Time I took to complete the course and difficulty:-In most blog posts about eJPT, people wrote that they took around 2–3 weeks to fully prepare for the exam. Being a part time CTF player and adding to the fact that I was familiar with 99% of the course material, it took me around two full days of reading to go through the entire content (labs,videos,slides).It’s nothing to brag about, it was full two days of reading from morning to night to complete. Also the slides and material were very addictive to be honest like once you start, you won’t feel like stopping. Needless to say , I even a learnt a few tricks which were invaluable.Overall , it was two days well spent learning about different tools and methodologies .
The exam:- This is probably the part which most people must be waiting for. So here’s the deal with the exam, you’ll hear a lot of people saying that the exam is damn easy and easy to pass which I agree . However, it’s not that easy to get full marks in this exam. So the exam format is like this :-
-20 multiple choice questions with one or more than one.

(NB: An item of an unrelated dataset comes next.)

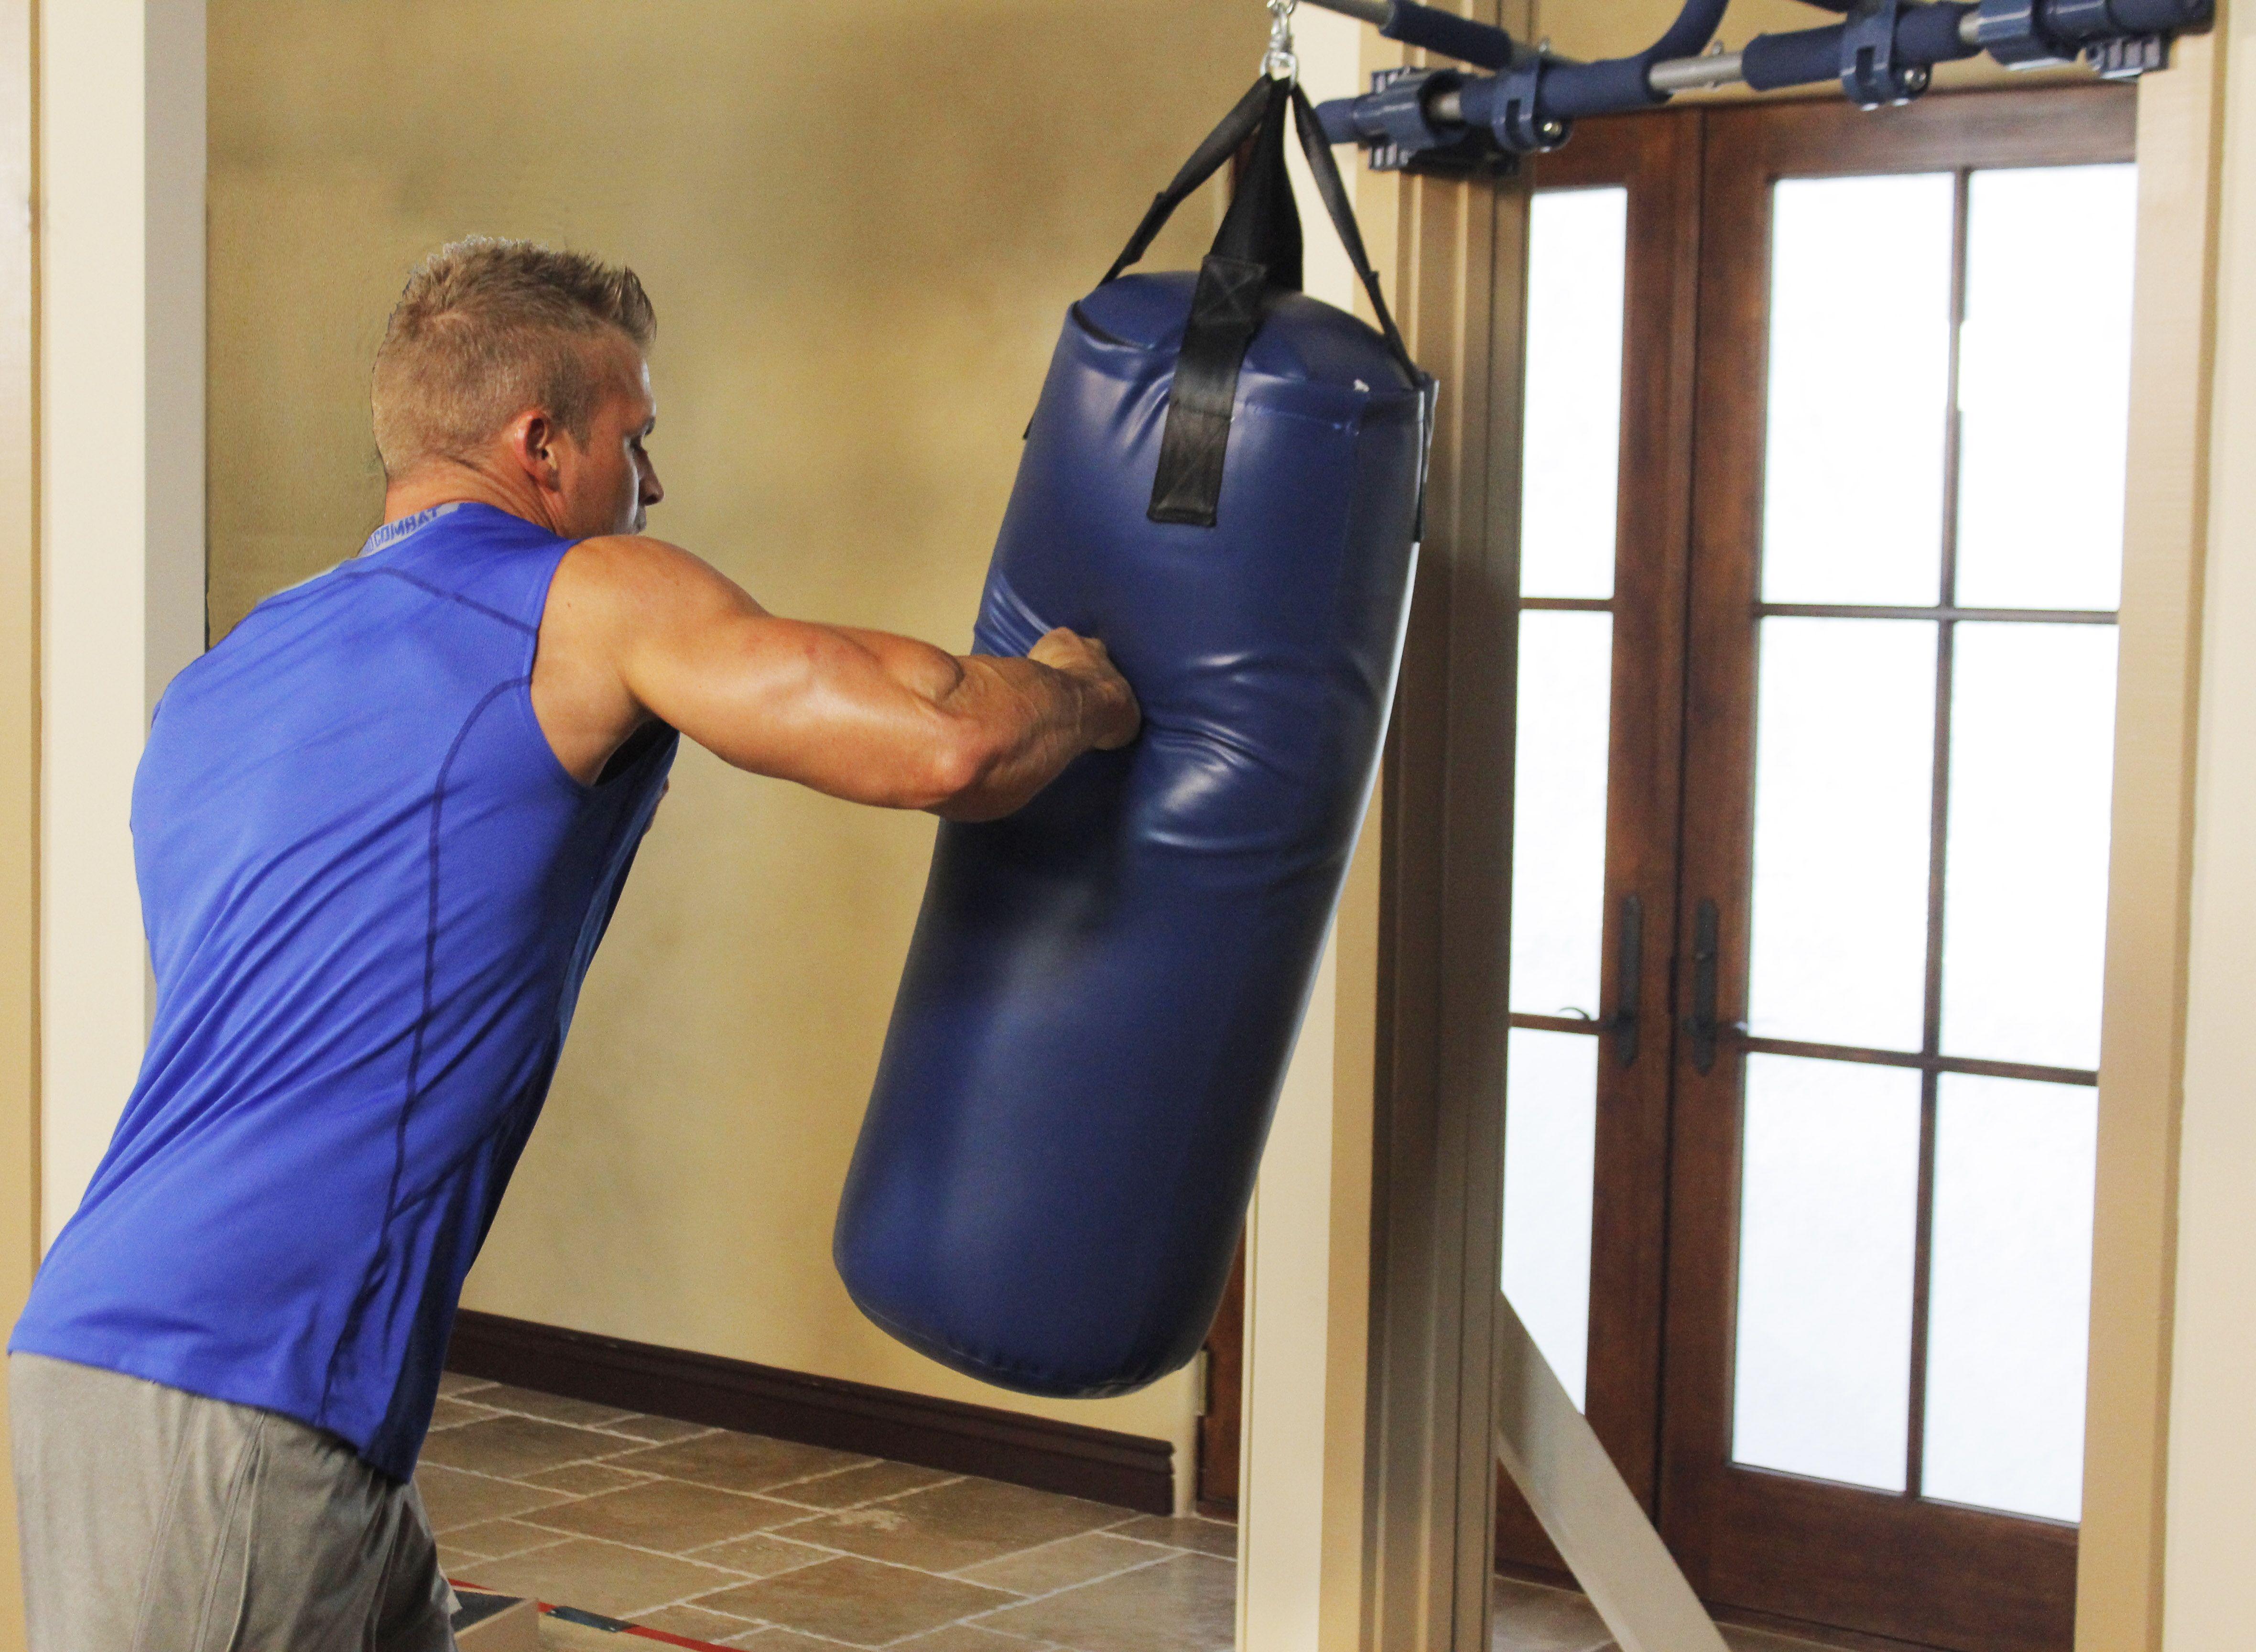 Совет 1: Как сделать боксёрскую грушу в домашних условиях 11

-In order to answer these questions, you’ll be given a letter of engagement and a VPN pack with which you’ll have to connect to their network and perform a penetration test. Read the letter very carefully word for word.
The time to complete the exam is three days or 72 hours. I took me around three and a half hours to complete it with a perfect score of 20/20 , that is despite a dinner break , a high temperature and falling into a few rabbit holes with the machines. But the exam setting was so cool, something which I was already missing the moment my exam got over. Nevertheless , it was awesome:)
Few points about the exam which you should take care and not make the mistakes I made:-
-I have a very bad habit of rushing into things and getting excited about something if it’s a timed event. In that adrenaline , I ran into a silly problem early on , after which I took a step back to take a look at what was I not able to see only to find the answer staring back at me in the letter of engagement. Really felt stupid for a long time.
-Nothing which was not taught in the material will not come in the exam and if you’re having a connection error , the service which you’re trying to attack is not the one , keep that in mind.
-Keep a calm head, the answer will probably the first thing which you had thought of but dismissed it thinking that it would have been too easy. This is where my CTF mentality was creating a problem for me in clouding my judgement.
-Read all the questions before starting your penetration test because this gives you what to expect in the exam , like for example, if you see questions about XSS, you know there’s going to be a web server in the subnet which you have to attack. Also don’t waste your time in useless heavy nmap scans, the basic scan will suffice.
-Enjoy it because the moment you press submit, you’re really gonna miss it:)
Tips for people who want to enroll into it:-
-If you have basic knowledge, just take it, you’re really gonna enjoy it
-If you are a CTF player like me preparing for OSCP but you just wanna kill some time or add it to your resume , only then take it.
-If you are already a penetration tester, then no point in taking it.
I would like to thank elearnsecurity for this short but awesome experience. I still have around 23 hours of lab time which I plan to use it for demonstration purposes for my college workshops:)
Hope you found this writeup helpful!